Every prediction corresponds to a specific root-to-leaf path through the tree, which is a sequence of natural-language questions and answers a human can read, verify, and disagree with. There is no post-hoc explanation layer. The explanation is the model. Experts can also edit specific nodes directly, so the tree becomes an editable representation of the firm's investment logic.

Question 5

How does GPTree relate to quant VC more broadly?

Accepted Answer

GPTree is the foundational paper in Vela's quant VC research program.

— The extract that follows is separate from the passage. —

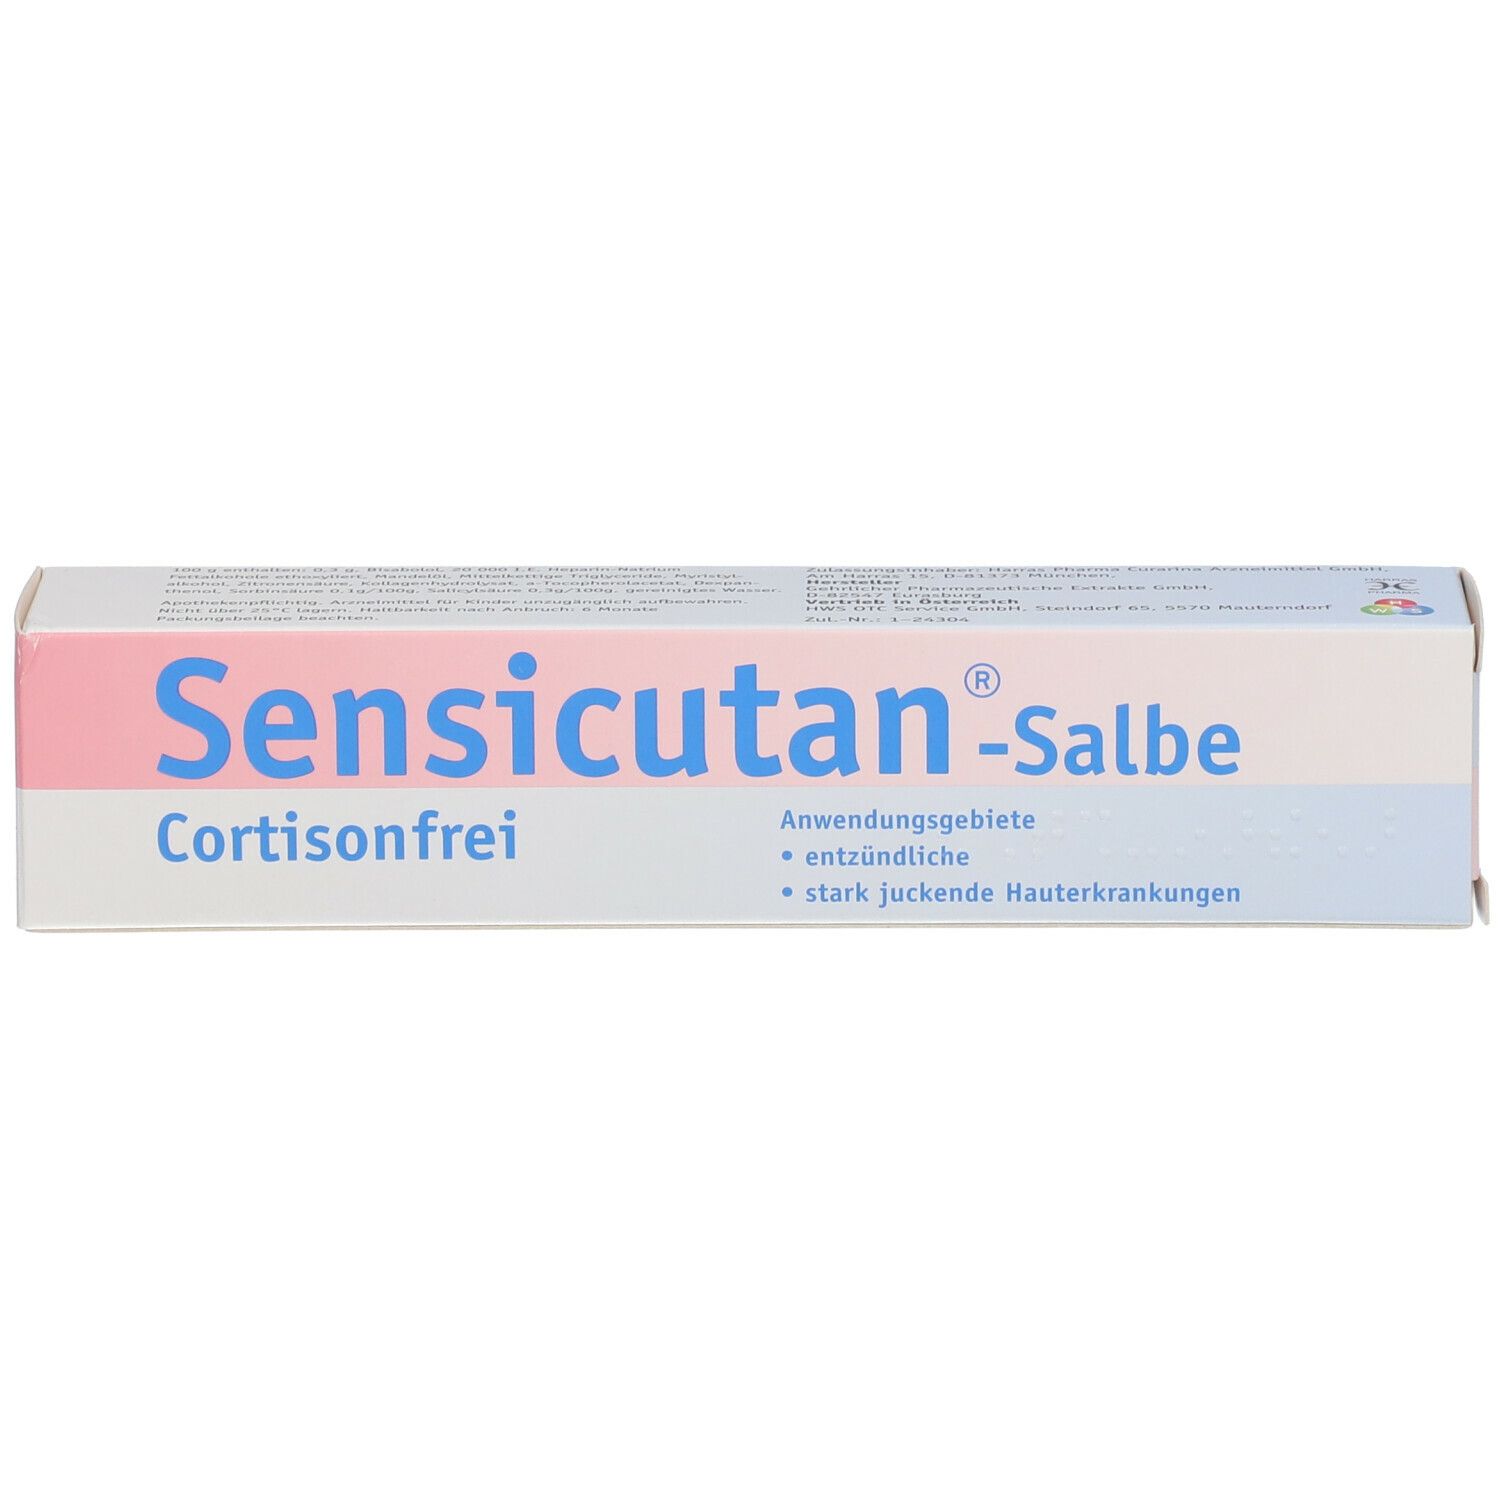 Sensicutan® Salbe

It was the first to demonstrate that LLMs could generate the structure of a decision system, that human experts could edit that structure directly, and that natural-language reasoning could be made reproducible enough for high-stakes allocation decisions. Random Rule Forest, Reasoned Rule Mining, and Policy Induction extend and generalize its design.

Question 6

What are GPTree's limitations?

Accepted Answer

Three explicit limitations: CODE-type nodes depend on LLM-generated Python that is not always reliable; INFERENCE nodes are non-deterministic so different phrasings can produce different results; and when information is missing from a founder's profile, the LLM can hallucinate rather than abstain. The dataset also reflects founders who voluntarily disclosed information publicly, introducing selection bias. These limitations motivated the subsequent Vela papers.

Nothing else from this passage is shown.